Black People Need to Get Back To God!

If my people, who are called by my name, will humble themselves and pray and seek my face and turn from their wicked ways, then I will hear from heaven, and I will forgive their sin and will heal their land. 2 Chronicles 7:14

Africans worshiped a one-God deity long before Christianity.

As we all know, white slave masters and colonists used Christianity to subjugate Blacks.  It developed into African American culture through much duality: on the one hand, it was used to keep Black people docile and obedient; however, Black people used it for survival and spiritual edification.

Peter Randolph, a slave in Prince George County, Virginia, until he was freed in 1847, described the secret prayer meetings he had attended as a slave. “Not being allowed to hold meetings on the plantation,” he wrote, “the slaves assemble in the swamp, out of reach of the patrols. They have an understanding among themselves as to the time and place. … This is often done by the first one arriving breaking boughs from the trees and bending them in the direction of the selected spot.

“After arriving and greeting one another, men and women sat in groups together. Then there was “preaching … by the brethren, then praying and singing all around until they generally feel quite happy.”

The speaker rises “and talks very slowly, until feeling the spirit, he grows excited, and in a short time there fall to the ground 20 or 30 men and women under its influence.

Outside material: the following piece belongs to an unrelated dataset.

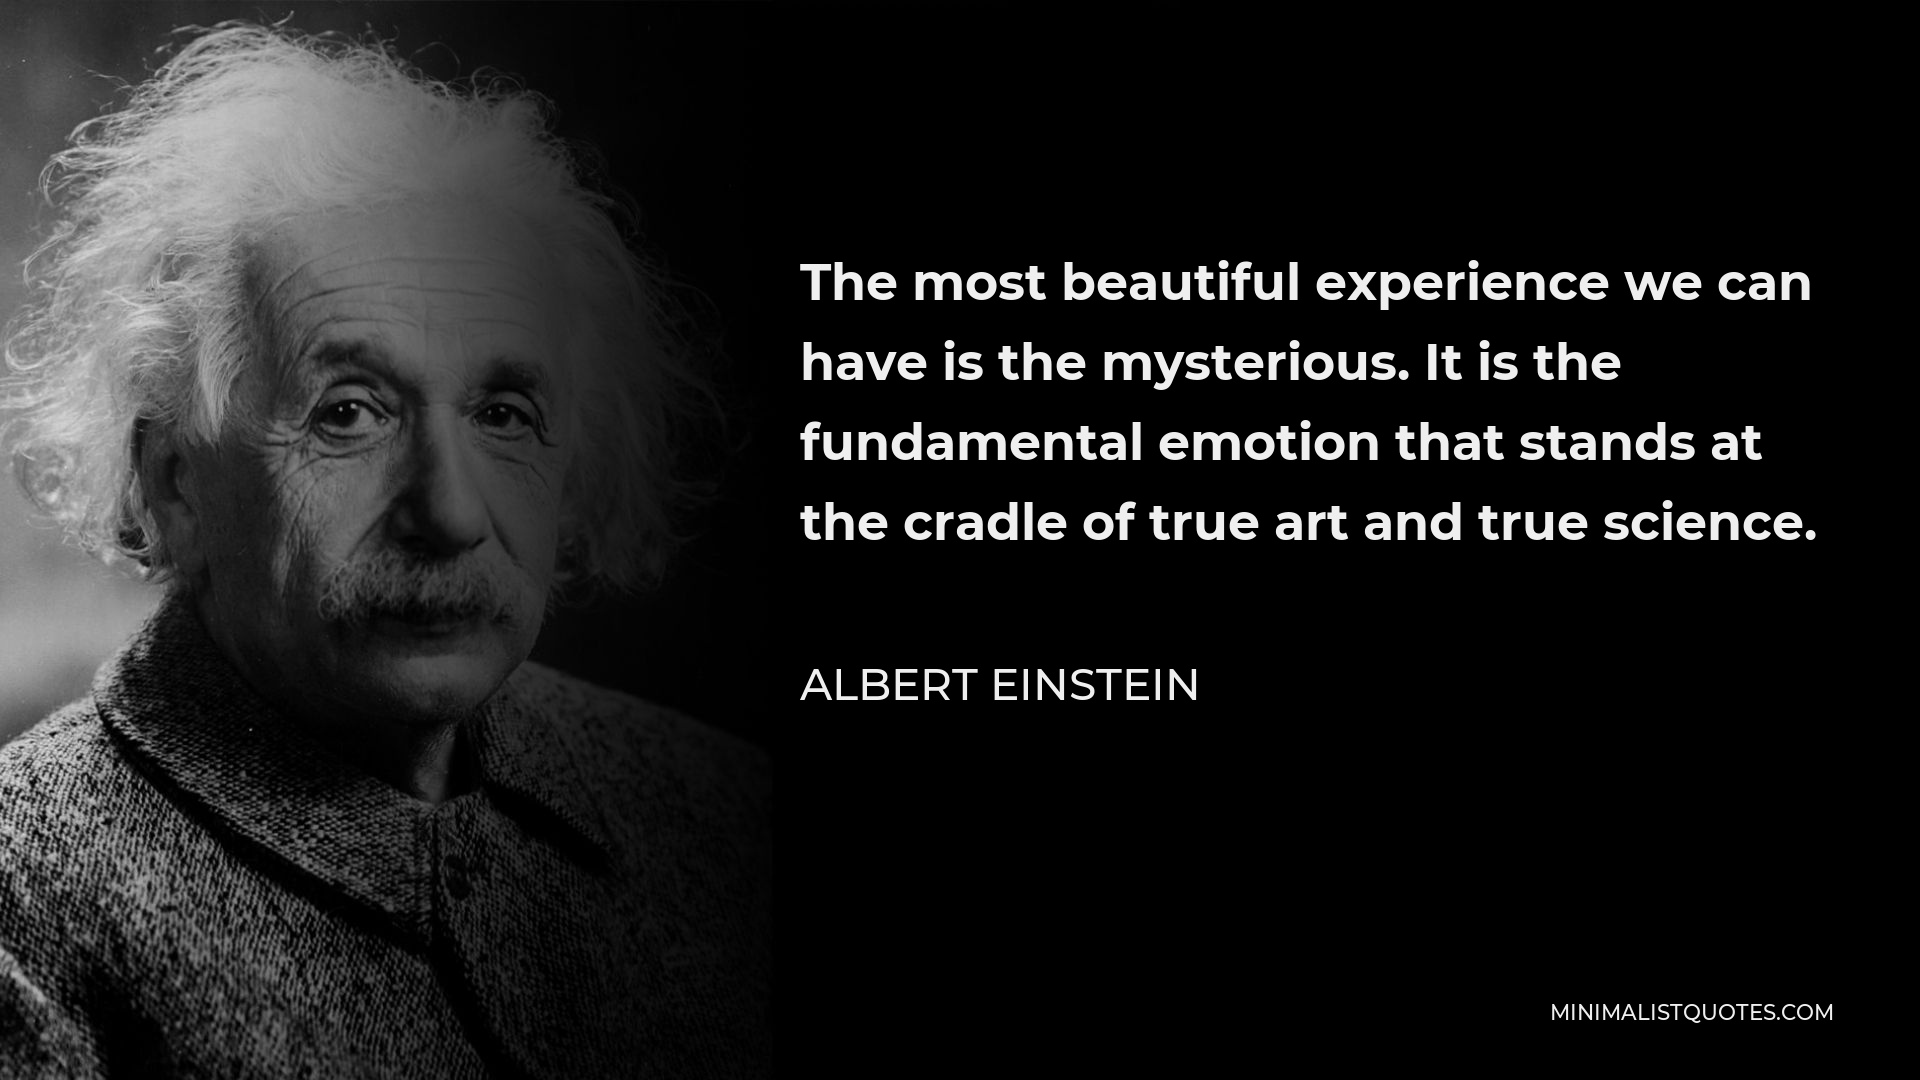 Albert Einstein Quote - The most beautiful experience we can have is the mysterious. It is the fundamental emotion that stands at the cradle of true art and true science.

“The slave forgets all his sufferings,” Randolph summed up, “except to remind others of the trials during the past week, exclaiming, ‘Thank God, I shall not live here always!’ “

God was always the center of everything in the African American community.  I remember so well having my mother do my hair on Saturday evening–then having to put a special hair net or scarf over my hair, in preparation for Sunday School.  On Sunday, the sea of pink, light blue, yellow, lavender and white ribbons adorning the hair of little Black girls, dressed with skilled coordination and love;  white gloves and little tote purses to match cute lace dresses, this was my normal.  They wanted their children to know the Word from an early age–“spare not the rod” was the mantra many Black parents preached, believed, and wouldn’t hate to demonstrate on unruly children.

You don’t see that as much today.

A lot of Black children don’t even get schooled by their parents about God at all.  Images on television are catering to every negative moral choice and being marketed to young people like M &M’s.  The parents should naturally be the moral foundation of their children, but if they aren’t grounded by traditional values, then what happens to the children?

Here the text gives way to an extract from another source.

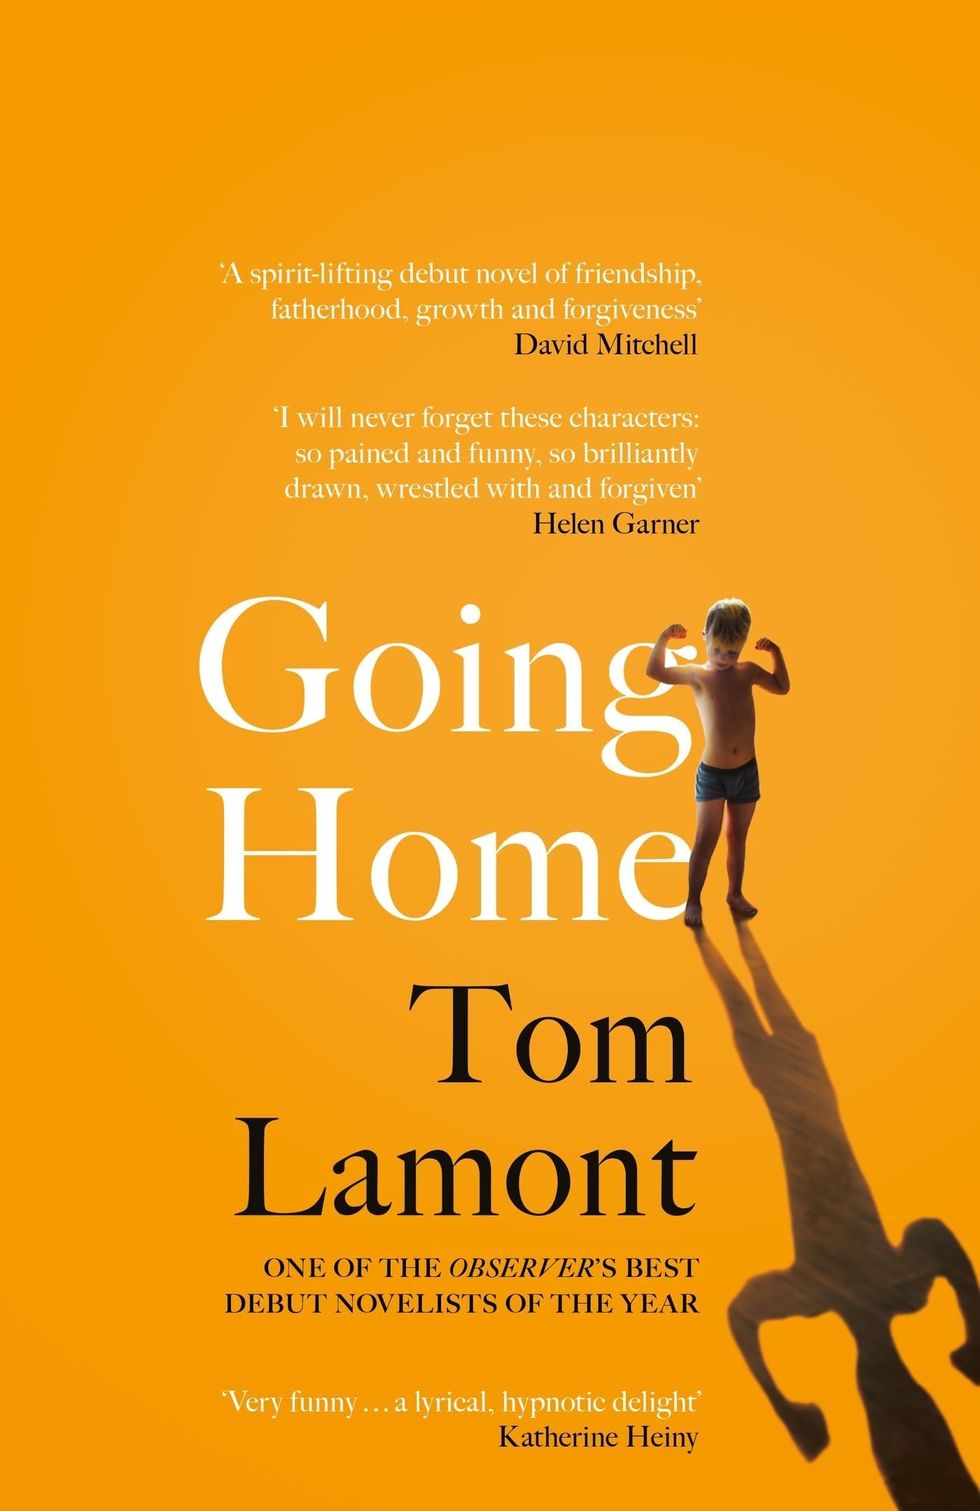 Going Home by Tom Lamont

We have got to admit that the condition of our communities is a reflection of the values of the community. And let’s be real, too many of us are not using good judgment and the choices we are making are having devastating impact on or communities.

God is not the problem, he is the solution, people.

Get in his Word and learn the REAL TRUTH!

One comment on “Black People Need to Get Back To God!

  1. Black people really do need to get back to our God and get the hell outta them churches.